Highest unmitigated severity: P1.

Static review only. I couldn’t run the local test suite because pytest is not installed here, and the local Python environment also lacks numpy.

Executive Summary

  • The previous CallawaySantAnna survey-d.f. blocker looks resolved: the code now uses unit-level survey d.f. in the precomputed survey path and in aggregation inference (diff_diff/staggered.py:414, diff_diff/staggered.py:1328, diff_diff/staggered_aggregation.py:558, diff_diff/staggered_aggregation.py:646).
  • The registry/TODO updates correctly mitigate the intentional survey deviations and deferred CallawaySantAnna limitations; I did not find a new undocumented paper/registry mismatch in the changed estimator formulas.
  • The remaining blocker is an edge-case correctness issue in the new survey CallawaySantAnna regression-with-covariates path: rank-deficient covariates can now turn otherwise estimable ATT(g,t) cells into NaN, and those cells then get dropped from aggregation.
  • TripleDifference IPW/DR survey unblocking and the weighted solve_logit() change look internally consistent with the documented implementation choices.
  • TwoStageDiD’s survey docstrings still say “Theorem 3 variance”; that remains informational only.

Methodology

Code Quality

  • Severity P1. Impact: The new survey CallawaySantAnna estimation_method="reg" + covariates path is forced off the optimized reduced-solve branch when has_survey is true, so it always goes through _outcome_regression() (diff_diff/staggered.py:1344). That function feeds _linear_regression() coefficients directly into X @ beta for treated predictions and control residuals (diff_diff/staggered.py:1619), but solve_ols() intentionally returns NaN in dropped rank-deficient columns (diff_diff/linalg.py:860).

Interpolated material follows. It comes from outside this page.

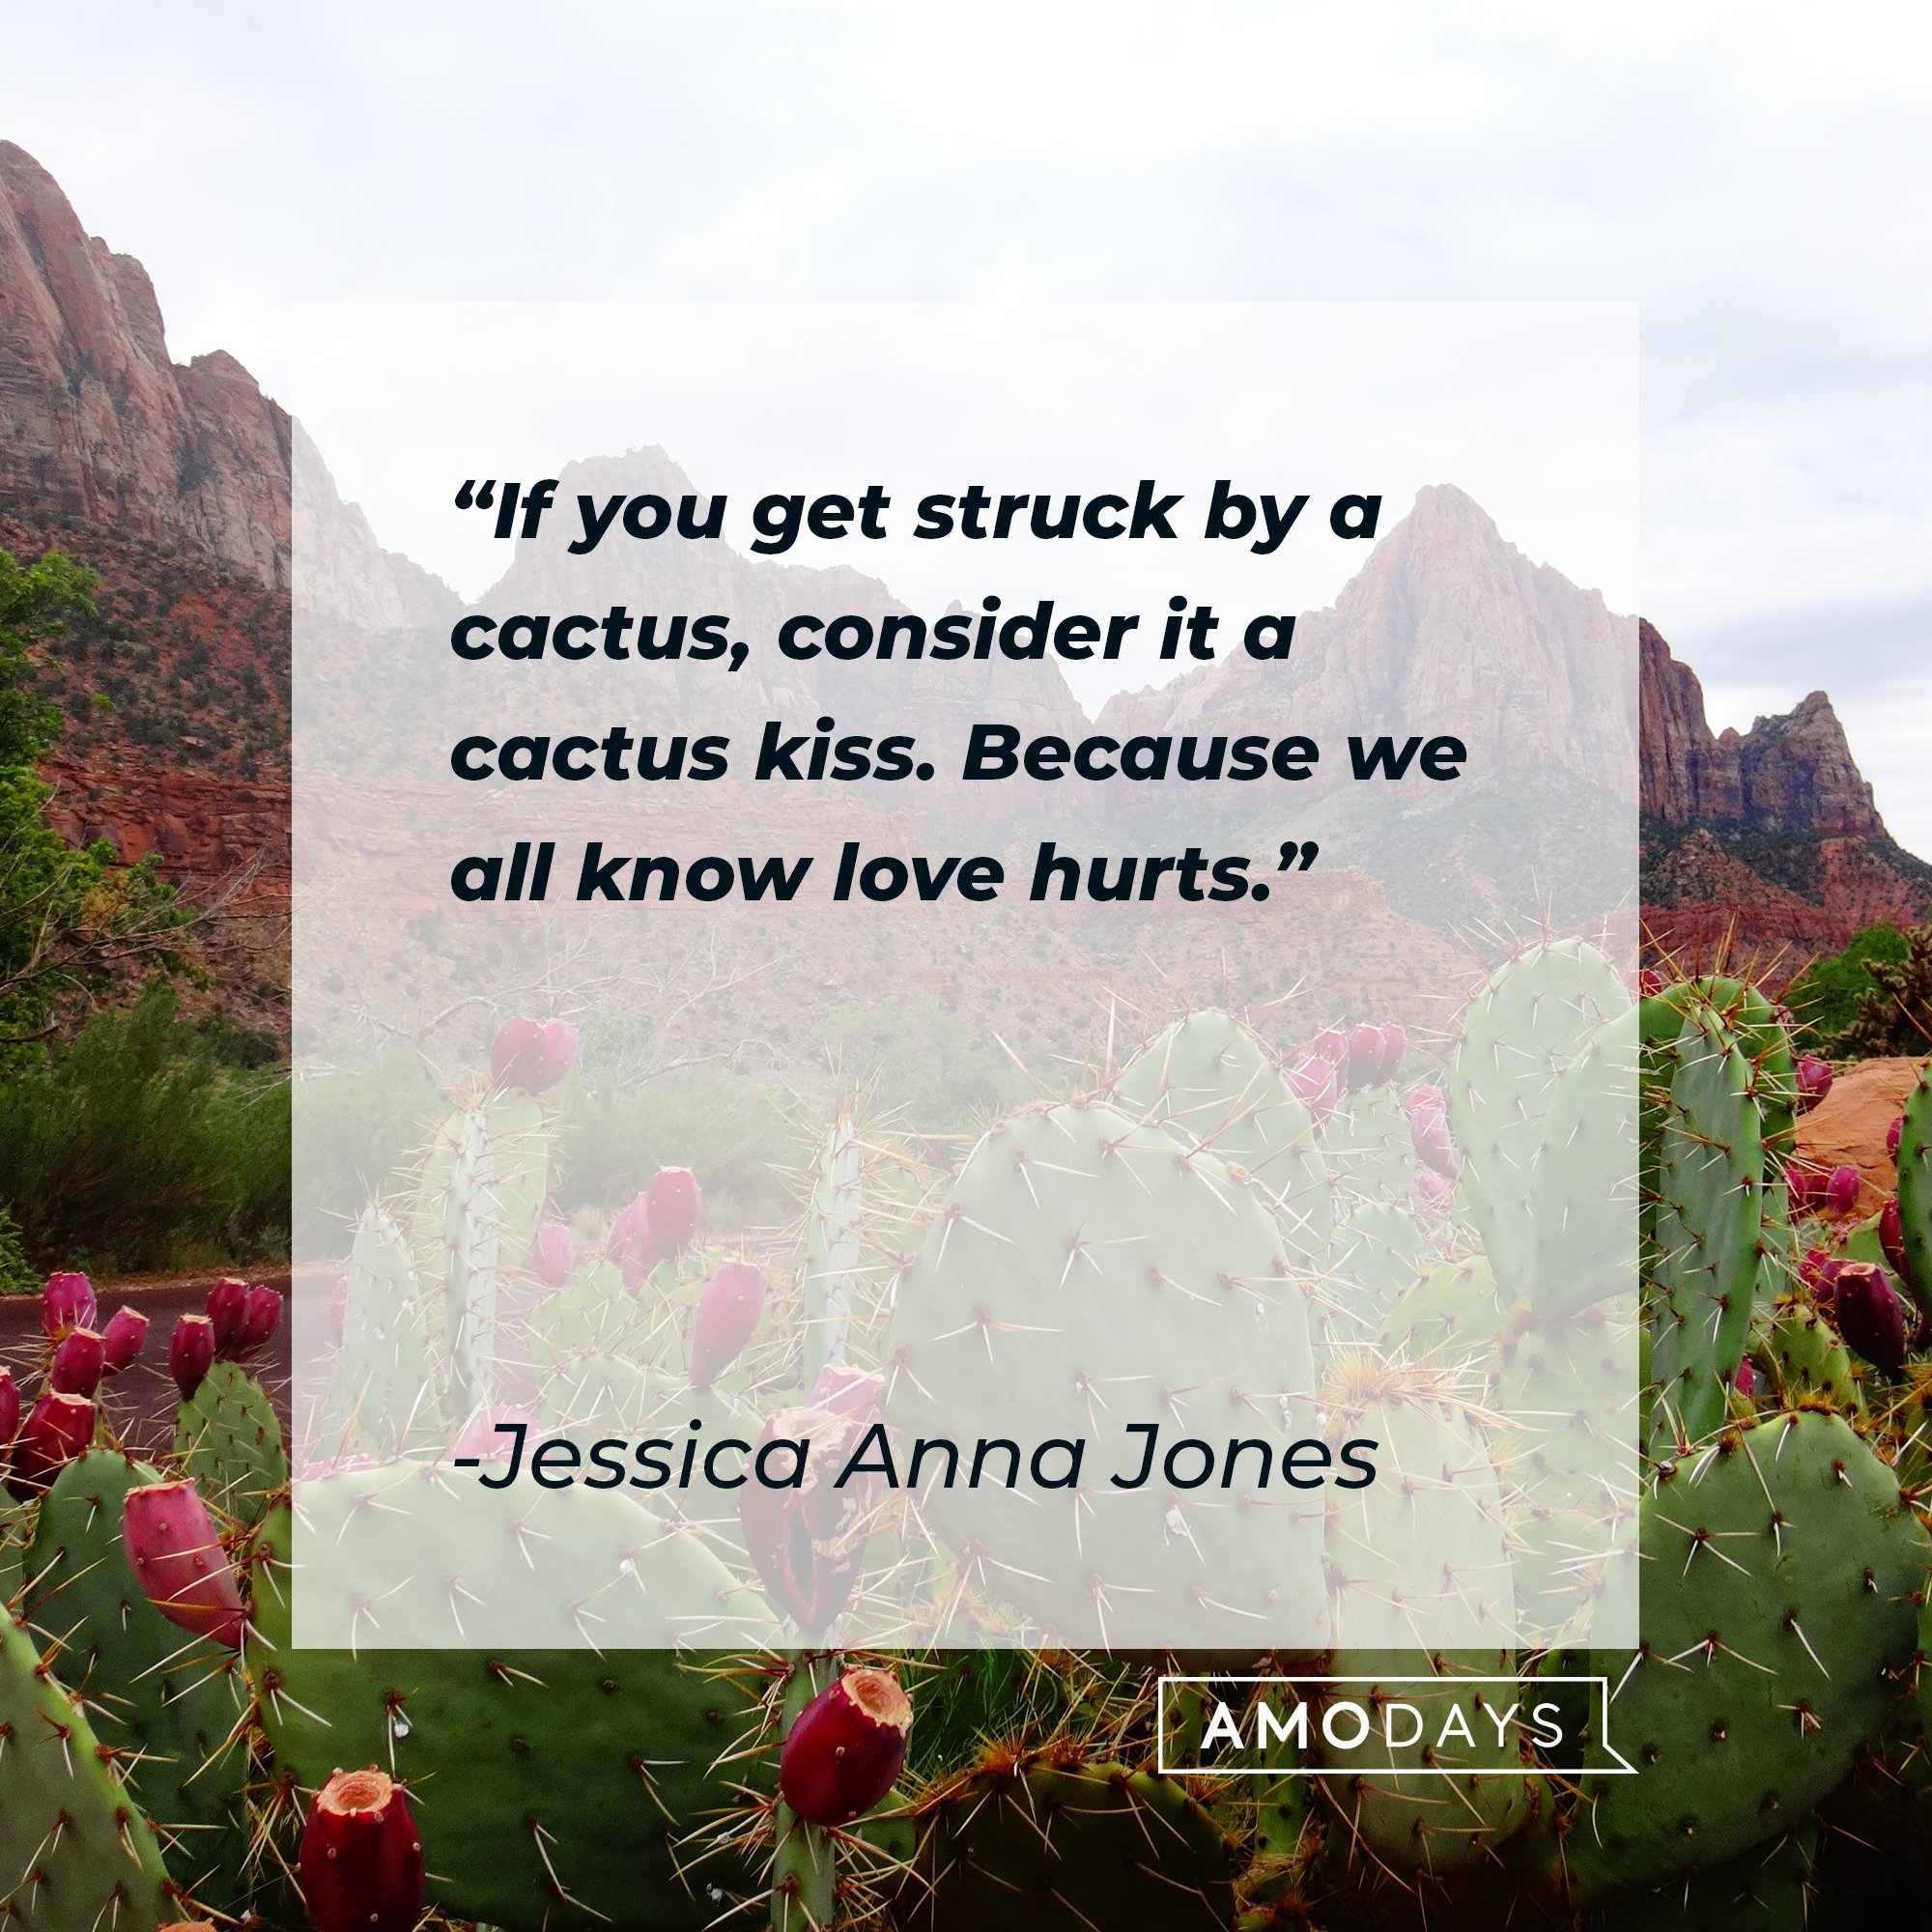 Jessica Anna Jones’ quote: "If you get struck by a cactus, consider it a cactus kiss. Because we all know love hurts." | Image: AmoDays

Under the default rank_deficient_action="warn", a collinear survey covariate can therefore make predicted_control, resid_c, and ATT(g,t) become NaN; those NaN cells are then excluded from aggregation (diff_diff/staggered_aggregation.py:95). Concrete fix: after _linear_regression(), zero non-finite coefficients before prediction/residual reconstruction, matching the existing DR path’s handling (diff_diff/staggered.py:1987).

Performance

  • No findings.

Maintainability

  • No findings.

Tech Debt

  • Severity P3. Impact: The new TODO.md entries properly track the deferred CallawaySantAnna survey work and the pre-existing EfficientDiD Hausman issue, so they are informational rather than blockers under the project policy. Concrete fix: none. (TODO.md:55, TODO.md:56, TODO.md:57, TODO.md:58)

Security

  • No findings.

Documentation/Tests

  • Severity P3. Impact: TwoStageDiD’s public survey docstrings still say PSU feeds “Theorem 3 variance,” but the implementation and registry describe a weighted GMM sandwich. This does not affect numerical results, but it is still an unresolved public-doc mismatch. Concrete fix: replace “Theorem 3 variance” with “GMM sandwich variance” in both survey-design docstrings. (diff_diff/two_stage.py:202, diff_diff/two_stage.py:1672, docs/methodology/REGISTRY.md:924)

Path to Approval

  1. In CallawaySantAnna._outcome_regression(), sanitize dropped/rank-deficient coefficients before computing treated predictions and control residuals, so rank_deficient_action="warn" drops only the redundant columns instead of poisoning the whole ATT(g,t) cell with NaN.
  2. Add a regression test in tests/test_survey_phase4.py with weights-only SurveyDesign, estimation_method="reg", and perfectly collinear covariates (for example x2 = 2 * x1) that asserts finite per-cell and overall survey estimates under rank_deficient_action="warn".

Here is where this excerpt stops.